What is needed
Below are several records. Retype exactly those lines running from the one with "Snickers 8516 Allroundwork" through the one with "Newegg partners with Affirm", end lines included, and no others.

Dataset records
..............................
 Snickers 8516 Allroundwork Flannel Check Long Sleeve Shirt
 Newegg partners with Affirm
..............................
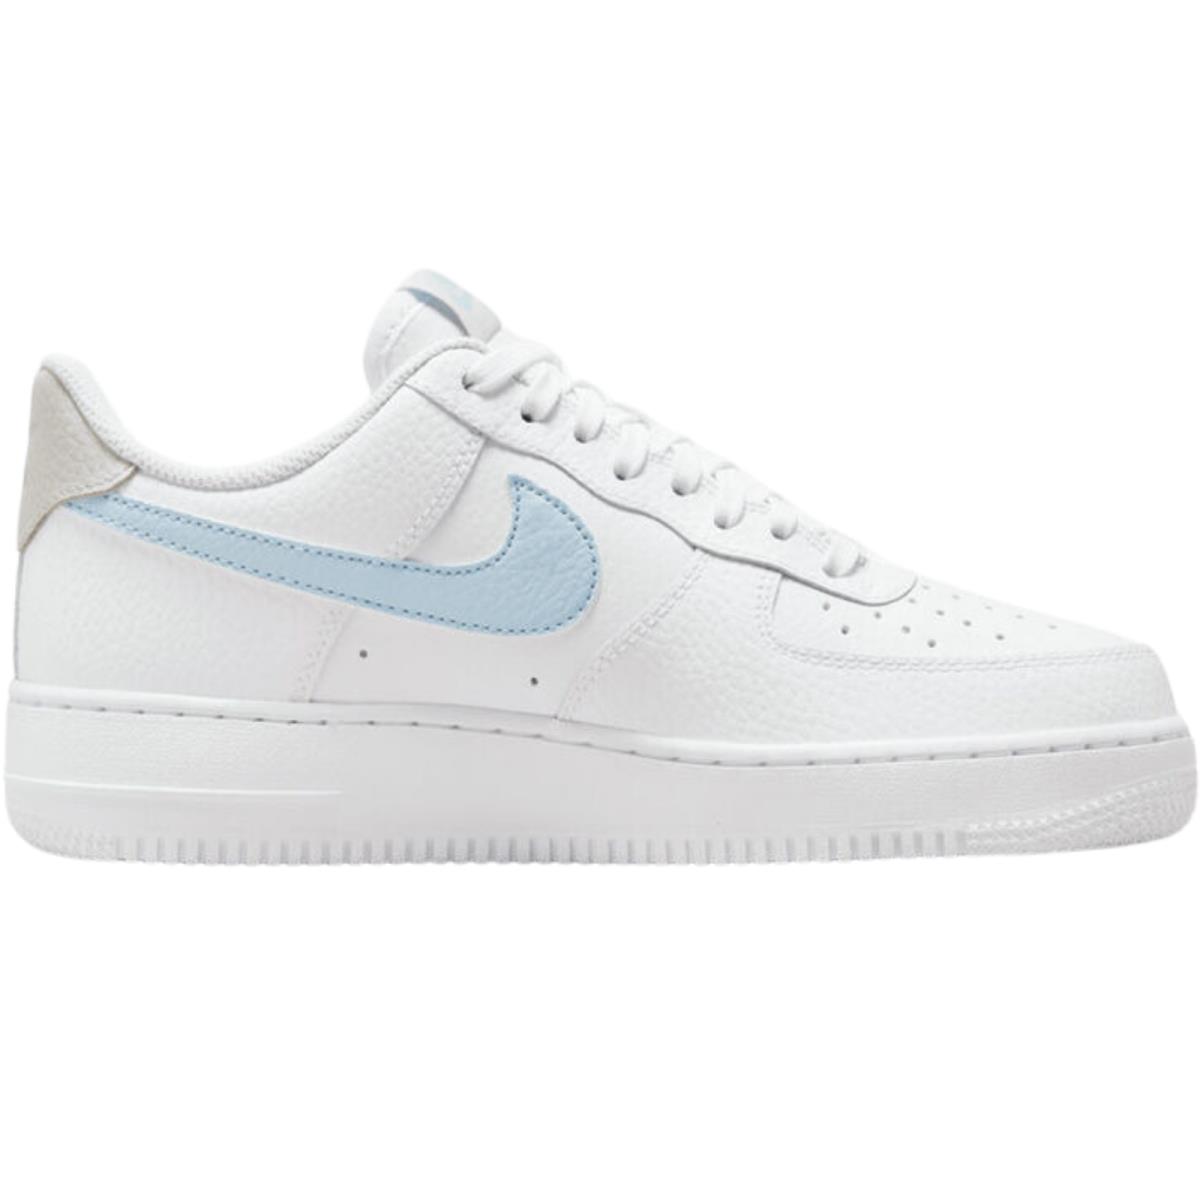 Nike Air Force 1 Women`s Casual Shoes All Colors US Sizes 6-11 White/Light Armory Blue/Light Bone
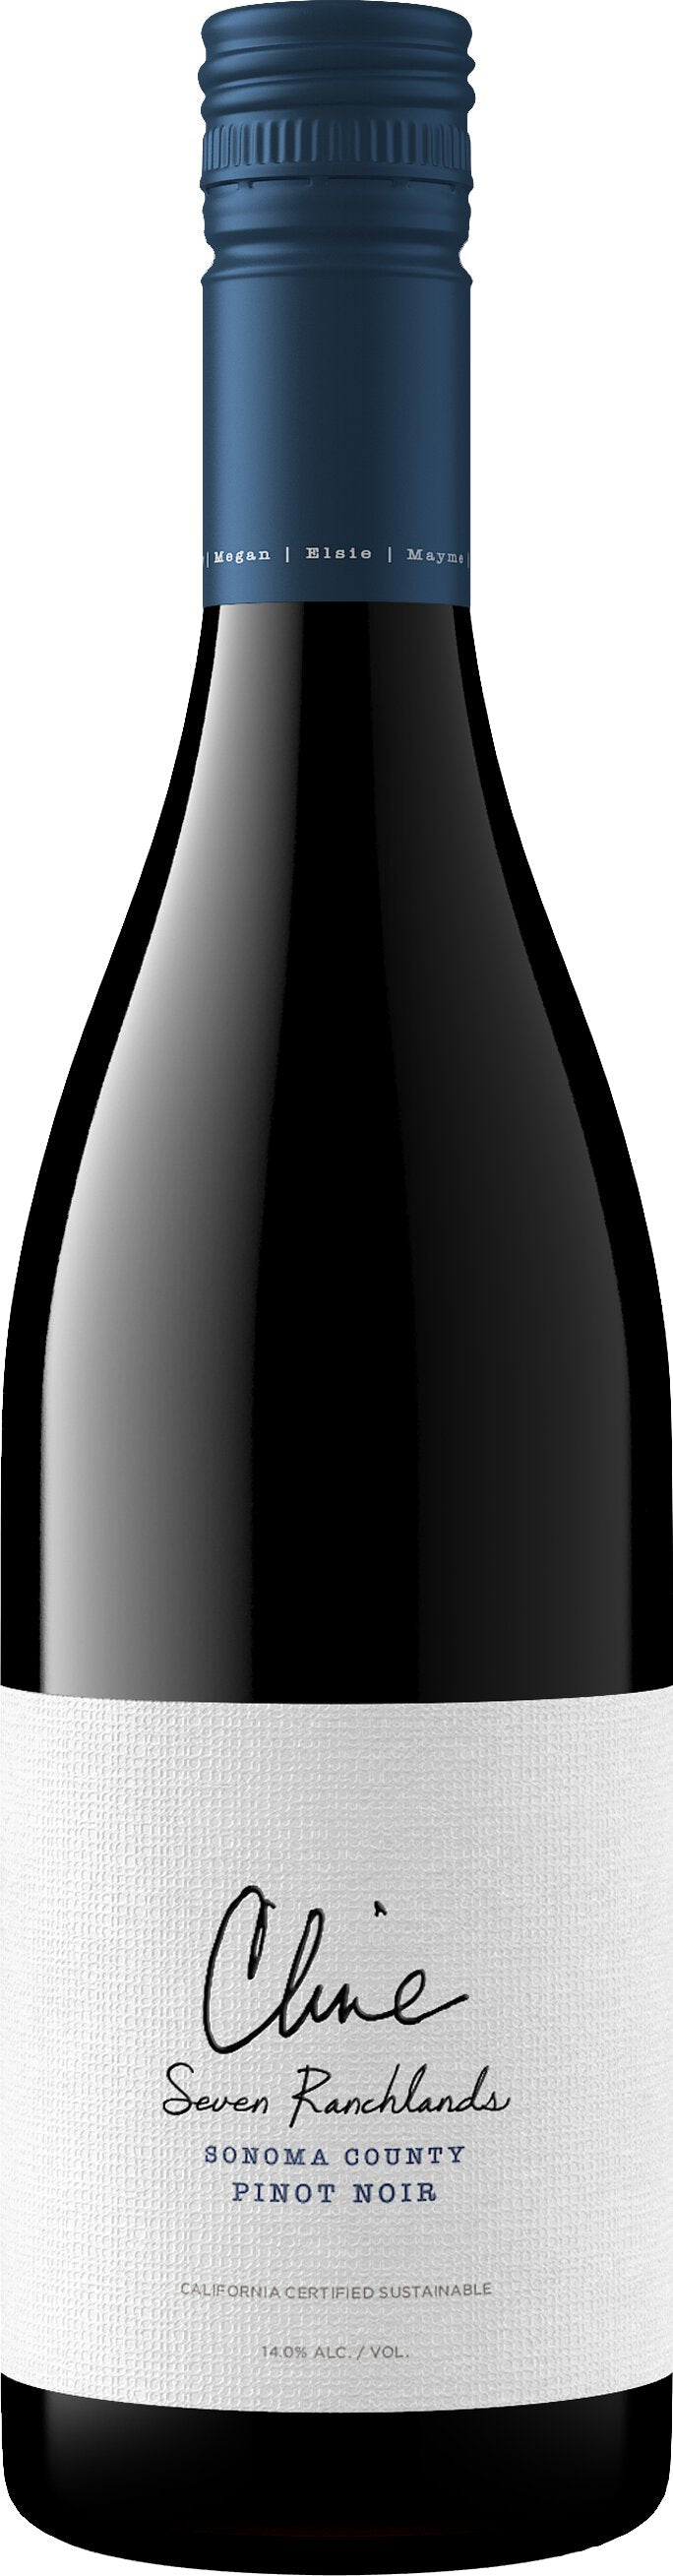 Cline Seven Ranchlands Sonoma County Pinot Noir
..............................
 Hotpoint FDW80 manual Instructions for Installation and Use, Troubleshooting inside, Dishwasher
..............................
Result of the task
 Snickers 8516 Allroundwork Flannel Check Long Sleeve Shirt
 Newegg partners with Affirm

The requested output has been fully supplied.